Effects of Cold Rolling Deformation on Microstructure and Damping Capacity of a Fe-Mn-Cr-Co-Si Alloy

The microstructure evolution of Fe-19Mn-8Cr-1Co-0.2Si (wt.%) alloy and Fe- 19Mn (wt.%) alloy during cold rolling and its effect on the damping capacity of the two alloys were investigated. It was shown that the damping capacity of the two alloys was enhanced significantly owing to the deformation-induced epsilon-martensite and stacking faults. The Fe-19Mn-8Cr-1Co-0.2Si alloy exhibited an accelerated phase transformation from gamma-austenite to epsilon-martensite due to a higher content of retained gamma-austenite and larger grain sizes compared with the Fe-19Mn alloy, resulting in a higher maximal increment of damping capacity in this alloy caused by deformation.

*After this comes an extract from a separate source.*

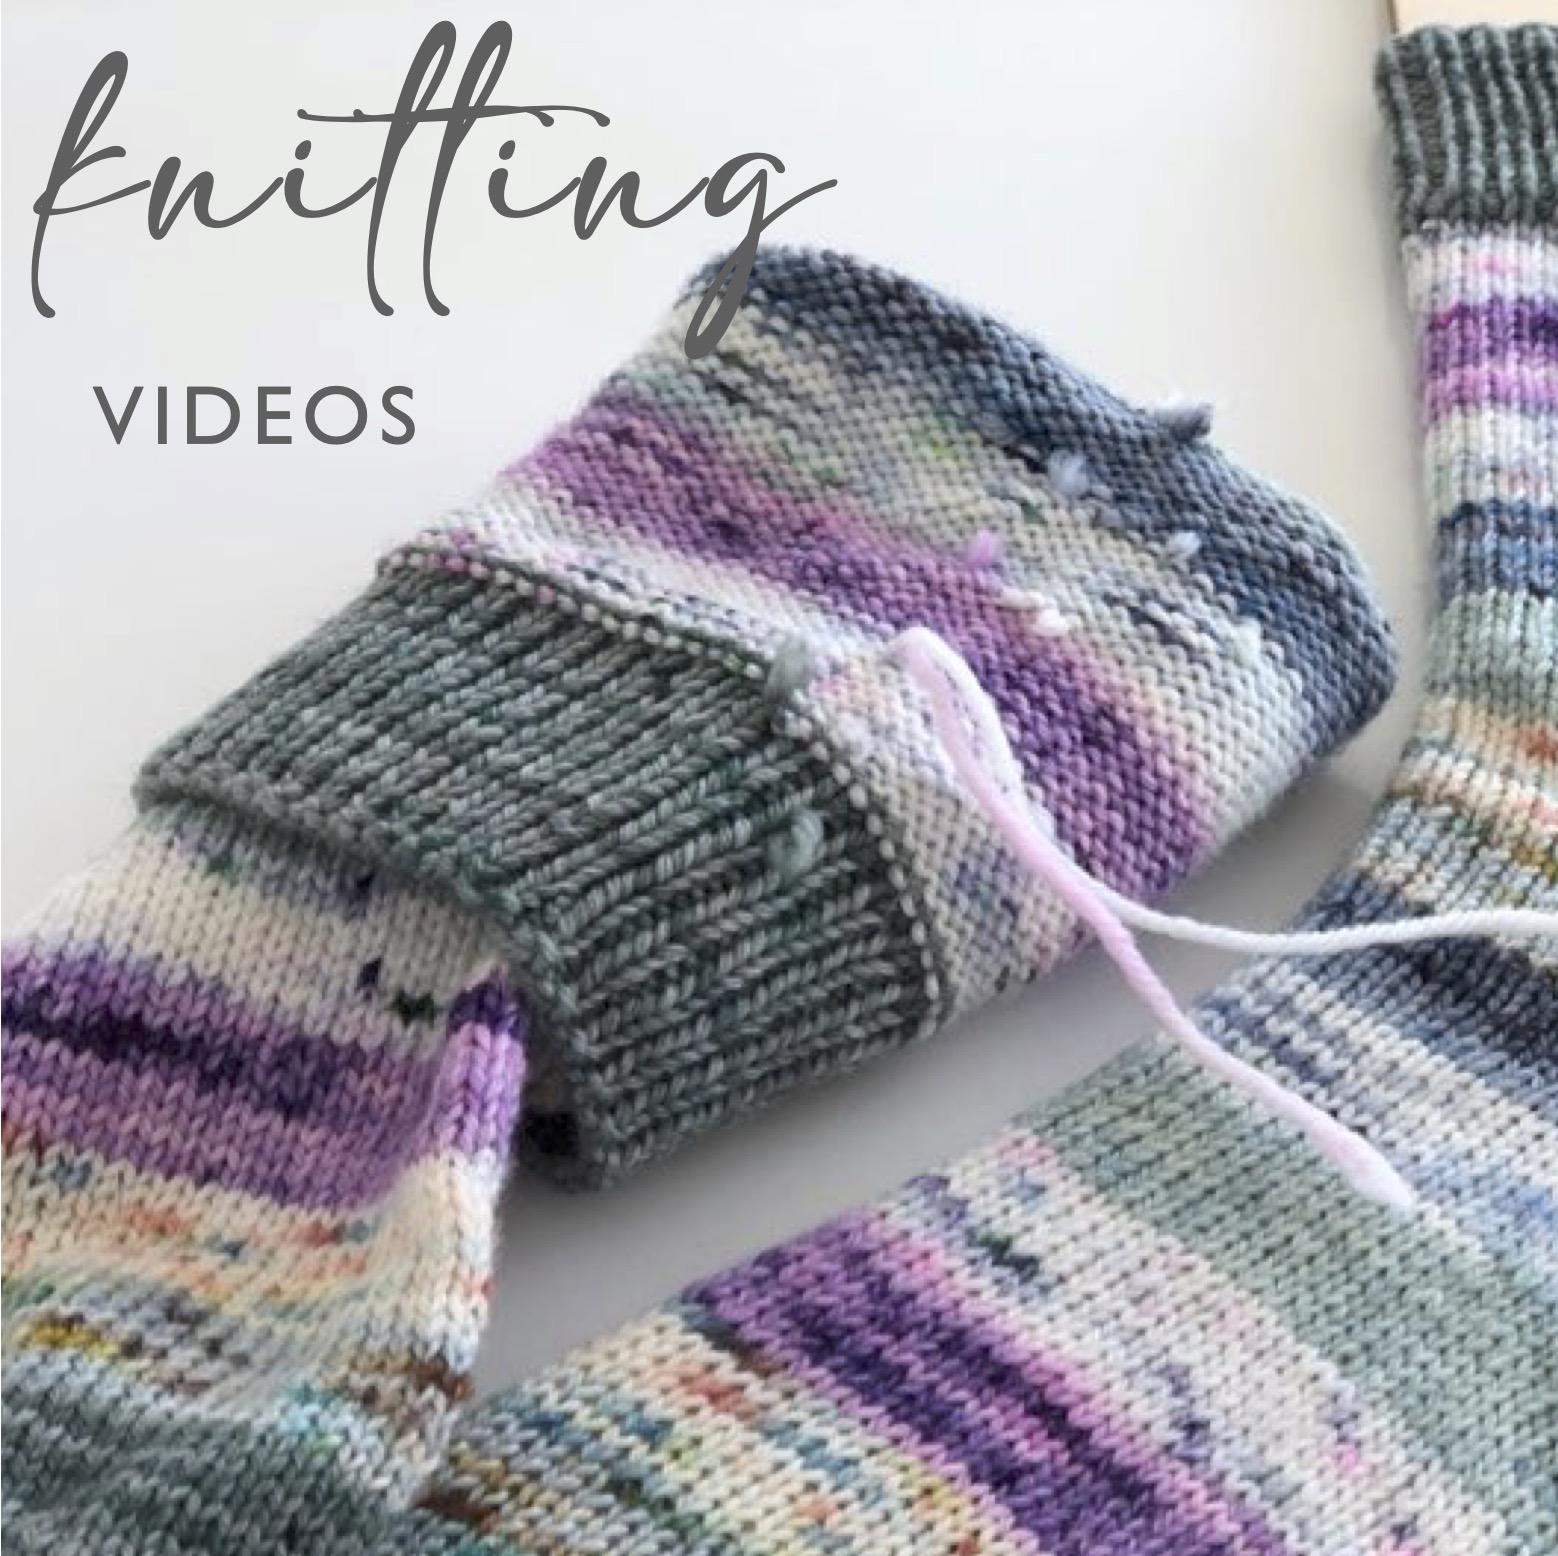 Knitting Tutorials Link

It was observed that no twinned epsilon-martensite was generated in the Fe-19Mn-8Cr-1Co-0.2Si alloy during cold rolling, resulting in a remarkable increase in the volume fraction of alpha'-martensite owing to no impediment to epsilon -> alpha' transformation, hence the deterioration of damping capacity was slow because the alpha'-martensite weakened the pinning effect of dislocations on damping sources. In addition, new damping sources were provided due to the occurance of gamma-austenite twinning in the Fe-19Mn-8Cr-1Co-0.2Si alloy.